Introduction to R Programming: Part 2
In my previous article, I had given an introduction of R Programming with some basics such as what is R Programming, how R can be used as a calculator, how to assign value towards a variable, and data types in R.
In this article, it will all be about the different data structures present in R. I will try to discuss them in detail as well as with some examples so that you can have a hands-on of the same.
Data Structures
If you ever have worked on core programming languages such as C, C++, Java, etc. you may be well aware of the fact that the variable under which object value is about to be stored, needed to be declared as a data type first. Then and only then you can assign value to that variable. However, in R, you don’t need to define a variable data type before assigning value to it. R language is smart enough to detect the data type that being stored under the variable at the time of the assignment itself.
Every time we create a variable, it occupies some space in computer memory. When it comes in terms of large data, which ideally contains thousands of values (definitely of different data types), it makes no sense to store each value as a separate variable. This is where the concept of data structure has its emergence.

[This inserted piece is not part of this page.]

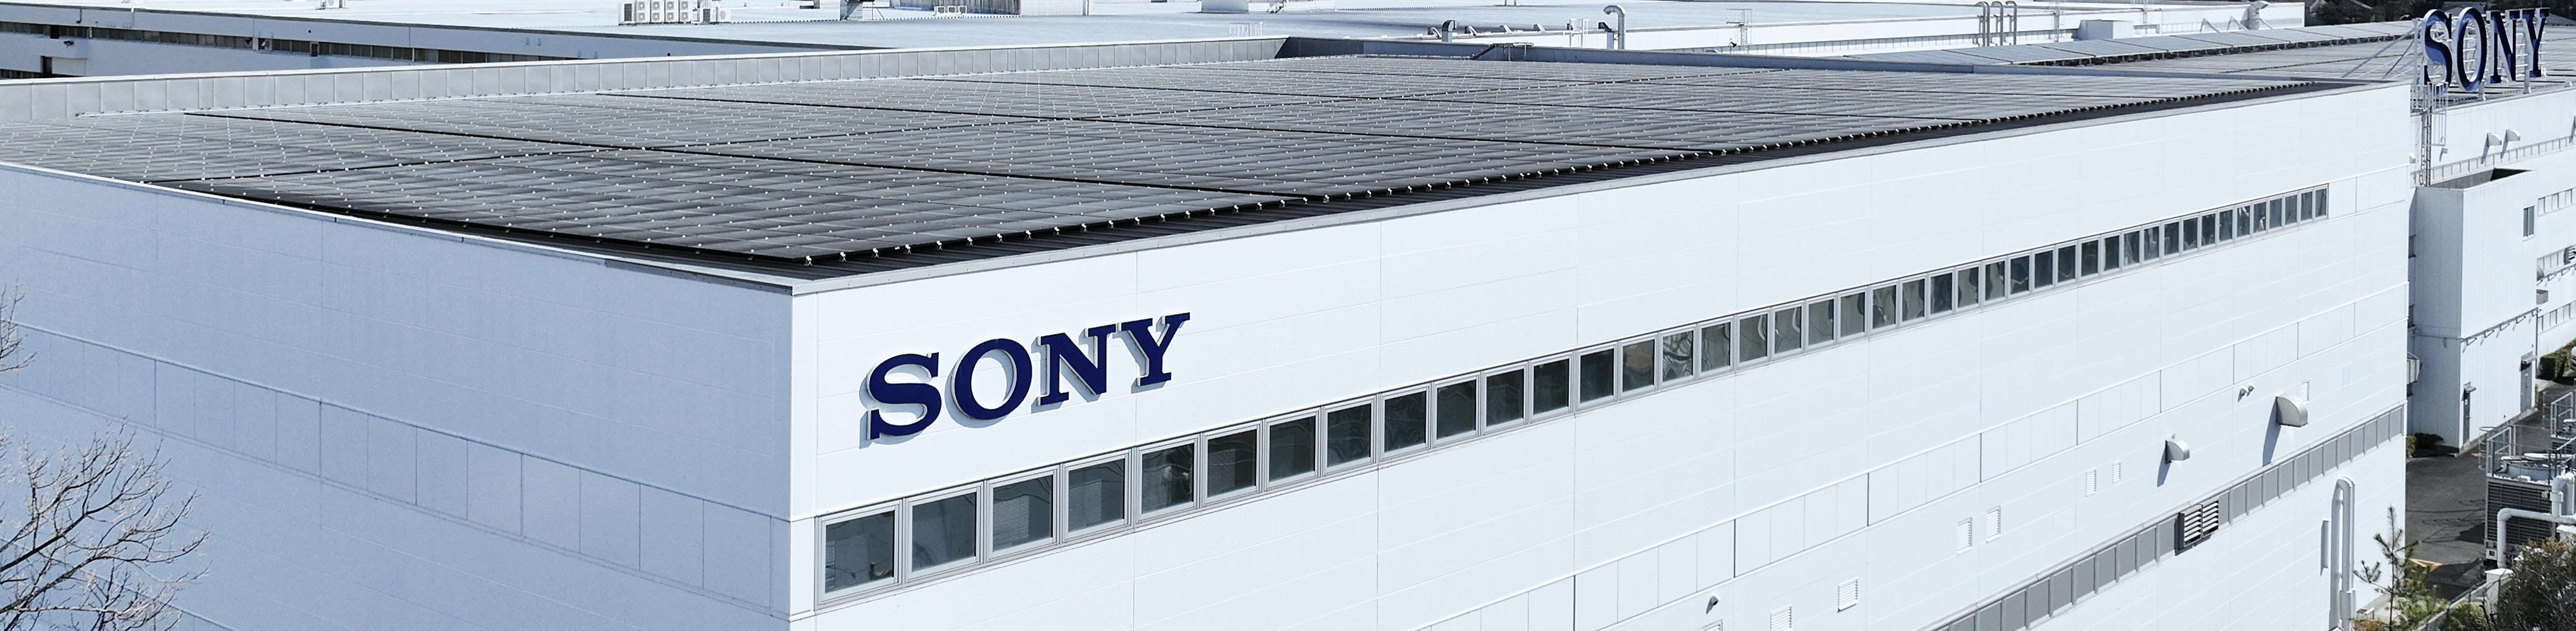 صورة فوتوغرافية تُظهر سطح مصنع مع لوح شمسي وشعار "سوني"

Data structures can be considered as tools in R, which allow you to store data of multiple types. It is the most efficient and organized way of storing data in order to have better data operations and manipulations. There are around five or six widely used data types under R programming language listed as below:
- Vectors
- Lists
- Matrices
- Data Frames
- Arrays
- Factors
We will discuss these data types one by one and in-depth.
Vectors in R
A vector is the most basic and commonly used data type in R. It can be considered as a data structure that consists of the same type of data elements or components. It is nothing but an array/matrix with dimension one. As I have discussed in the previous article as well, to create a vector, we need to use the “combine” operator “c()” in R. This function generates a vector that is also a one-dimensional array. See the Example below
> #Creating a vector using combine operator
> a <- c(2, 4, 6, 8)
> print(a)
[1] 2 4 6 8
Here in this example, we have used the “combine” operator in R that allows us to create a vector with four elements (2, 4, 6, 8) and is named as “a”. Take a note than the elements while creating a vector are separated with comma (“,”). It is possible to create a vector with multiple data types. However, it coerces to the most suitable data types in R.

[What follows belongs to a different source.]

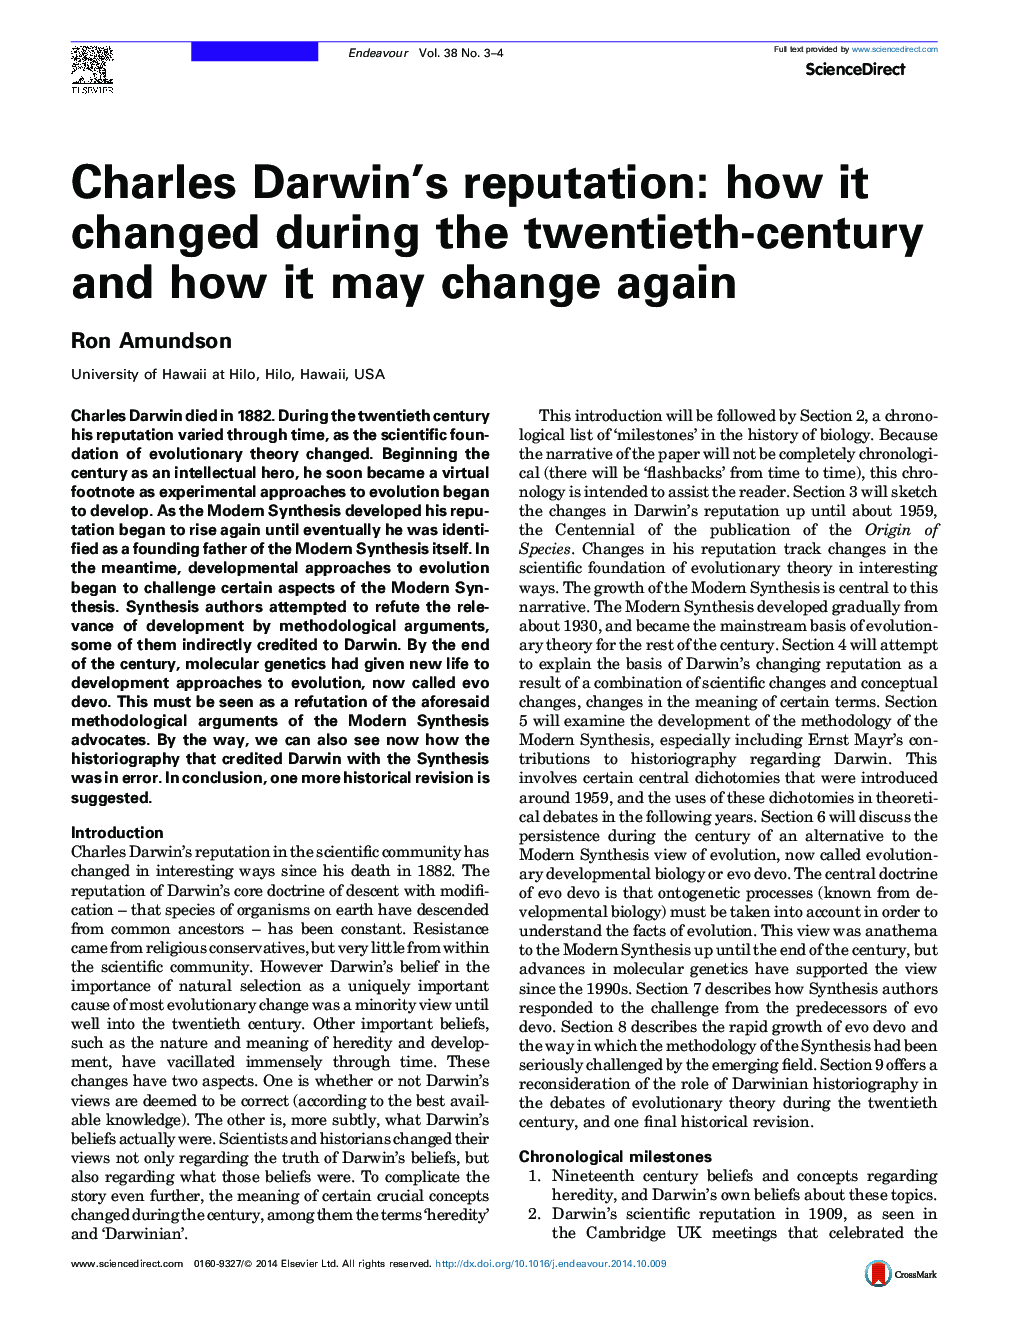 شهرت چارلز داروین: چگونه در طول قرن بیستم تغییر کرد و چگونه ممکن است دوباره تغییر کند

To know more about the data types in R and coercion, please follow the previous article in this series at: Introduction to R Programming – Part 1
There are multiple ways of creating a vector in R. The one with specifying each element inside the “combine” operator is already been taken care of above. The other way of creating it are as below:
Using colon (“:”) operator
We can use the colon operator (“:”) in R to create a vector of elements between two numbers (both numbers will be included in the resultant vector). See the code below:
> #Creating vector using colon operator
> x <- 6:10
> print(x)
[1] 6 7 8 9 10
The colon operator in the above code generates a vector of numbers between 6 and 10 at interval one unit. Meaning each number of the vector “x” is at a unit distance from another. this is the by default length set for colon operator.
Using “seq()” Function
When it comes to creating a vector, we also can use one built-in function named “seq()” in R. It allows us to create a sequential vector of numbers with specified step value.
> #Creating vector using seq operator
> x <- seq(2, 10)
> print(x)
[1] 2 3 4 5 6 7 8 9 10
This “seq()“ function has a default length or step value as 1 unit. However, we can specify the length using “by” operator.
> #Specifying step using by operator under seq() function
> z <- seq(2, 4, by = 0.4)
> print(z)
[1] 2.0 2.4 2.8 3.2 3.6 4.0
This “by” operator allows us to set the length of a vector. in our example we have set the step at 0.4. which means after every 0.4 units the elements will change.
How to Access Elements of a Vector
We can access the elements of our vector using the concept of vector indexing. Indices are the positions at which we can say the elements of a vector are placed.
To access a specific element of a vector, we need to use the square braces [] and positional value (integer) within it. This method is also known as the indexing of a vector.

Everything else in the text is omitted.